The U.S. Department of Energy's (DOE) Human Genome Project (HGP) devoted 3% of its annual budget toward studying the ethical, legal, and social issues (ELSI) surrounding the availability of genetic information. In 2004, DOE sponsored a Nature Genetics supplement called Genetics for the Human Race. This supplement originated from a May 2003 workshop held by the National Human Genome Center at Howard University in Washington, D.C. The workshop, Human Genome Variation and 'Race,' and the special issue of Nature Genetics were proposed by scientists at Howard University and financially supported by DOE's HGP through its Office of Science; Irving Harris Foundation; National Institutes of Health through the National Human Genome Research Institute; and Howard University. The supplement contains articles based on presentations at this workshop.

How is the database for genetic anthropology assembled?

Most of what is known about anthropological genetics is based on DNA samples donated by about 10,000 indigenous and traditional people from around the world. Several efforts currently are under way to generate larger or more detailed databases. Three of these efforts are listed below.

Genographic Project

In 2006, the National Geographic Society, IBM, geneticist Spencer Wells, and the Waitt Family Foundation launched the Genographic Project, a 5-year nonprofit study that will produce the largest DNA database ever collected for genetic anthropology. The project focuses on obtaining DNA samples from "key populations" composed of people who have lived in a particular region for several generations and maintained the same culture. An estimated 5000 of these so-called key populations live on earth. The project will attempt to choose a subset of these who represent current human genetic diversity. Each person sampled must first give informed consent, and issues such as participants' privacy and the cultural and physical impact of the project are considered. No medical research will be conducted during the study, and no genetic data will be patented. The project's database will be open to the public.

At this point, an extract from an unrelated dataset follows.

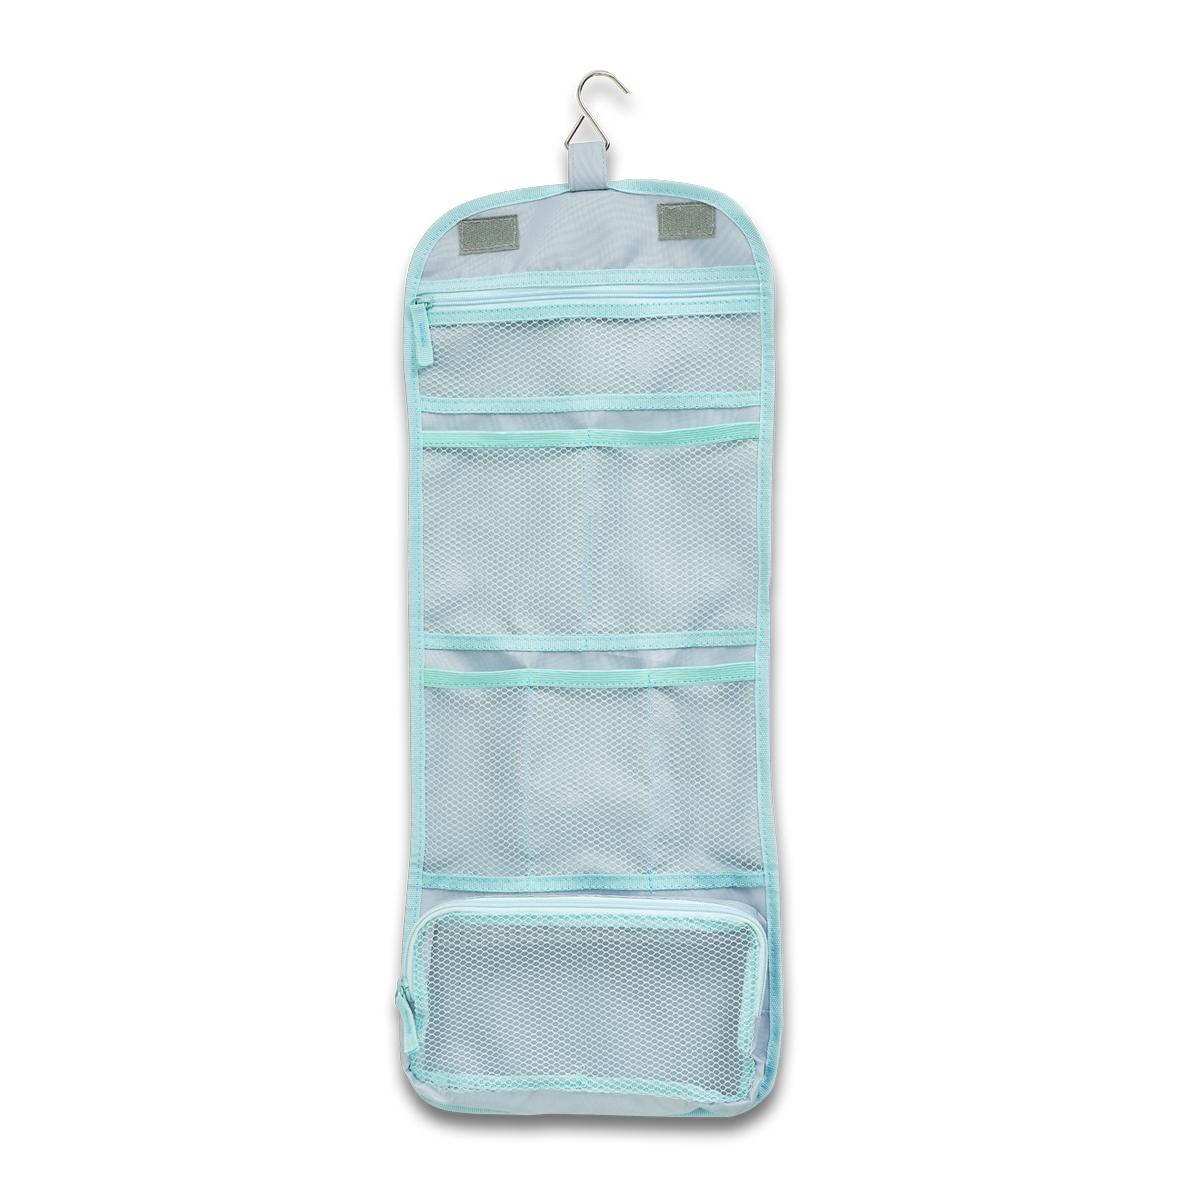 Organizator textil pentru bagaj de calatorie, Suitcase Gri Deschis, L26xl64,5 cm imagine

The Genographic Project has begun sampling key populations in:

  1. East Asia
  2. India
  3. Middle East
  4. North America
  5. North Eurasia
  6. Sub-Saharan Africa

When the project is finished, its database will contain DNA samples from more than 100,000 people from key populations. The Genographic Project also is selling public participation kits to all who want to contribute their DNA. Researchers already have released an open source database of 78,590 contributed mtDNA variants. See PLoS Genetics.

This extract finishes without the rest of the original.